During late June, the dewpoint was stuck above 70 degrees, which is what they routinely experience in the Carolinas and the Gulf Coast. One quick indicator of extreme humidity is when your windows fog up on the outside. This only happens when the dewpoint is higher than your air-conditioned room’s temperature, so the cool glass chills the air hitting it to where it can no longer hold its moisture as vapor. Likewise, humid air chilled to its dewpoint is what makes toilet bowls and pipes sweat – which they’re been lately doing like crazy. It also guarantees that early-morning lawns are wet with dew.
But most people mistakenly judge air dampness by the “relative humidity” percentage. Why is this misleading? Glad you asked. A humid morning may be misty because the air’s cool dawn temperature hovers near the point where it can’t hold its moisture. Thus, the relative humidity at 7 a.m. may be 99 percent. As the day warms and we reach an afternoon reading of 88 degrees, the radio announcer says that the humidity is now 35 percent. Does this mean that the air has dried out? Not at all. But since warm air can hold far more water, it simply means that at 88 degrees the air is now holding only 35 percent as much moisture as it can absorb. But back at 7 a.m., the chilly dawn air was holding virtually all the water it could, which is why it was starting to condense into liquid droplets as mist, fog and dew.
The change from 99 percent to 35 percent relative humidity during the course of just a few hours make many think the air has become drier. It has not. It’s still the same air mass. It still feels just as sticky. Thus, instead of trusting the relative humidity, pay attention to dewpoint. You won’t go wrong if you remember that dewpoints in the 40s and 50s mean dry air, low 60s mean medium-dry air, high 60s and 70s indicate steamy conditions. During weather programs, listen for the dewpoint.

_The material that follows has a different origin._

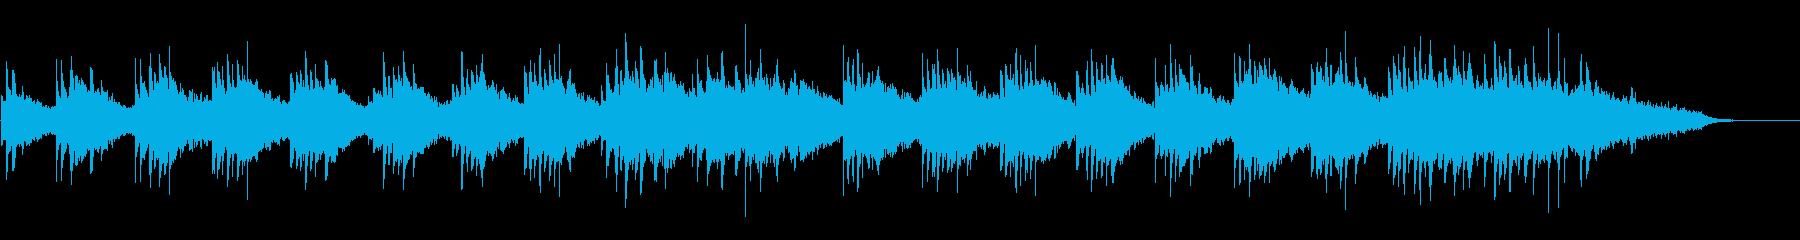 回想シーンの再生済みの波形

Humid air contains countless tiny droplets that whiten the atmosphere. Thus, on humid days, the sky near the horizon is white and not blue at all. Even the overhead sky is light blue, not cobalt.
At night, such conditions manifest as a sky limited in star-count. This isn’t a good time to look for faint galaxies or the Milky Way. But one very excellent benefit unfolds for backyard astronomers: On a humid night, the air loses its heat very slowly. Air can never cool below its dewpoint, which limits how much the nightly low can plummet. The resulting air temperature homogeneity allows light from the universe to arrive without being refracted (bent) one way and then another by varying air densities (colder air is denser). Incoming light thus takes a straighter path.
Result: Stars don’t twinkle on humid nights. And telescopically, fine detail emerges when observing planets. Images are rock-steady. Point a telescope at the Moon, or Saturn (the medium-bright star one-third of the way up the sky in the southeast the first couple of hours after nightfall), and you’ll be treated to exquisite views of rare quality. This is the happy-face side of summer moisture.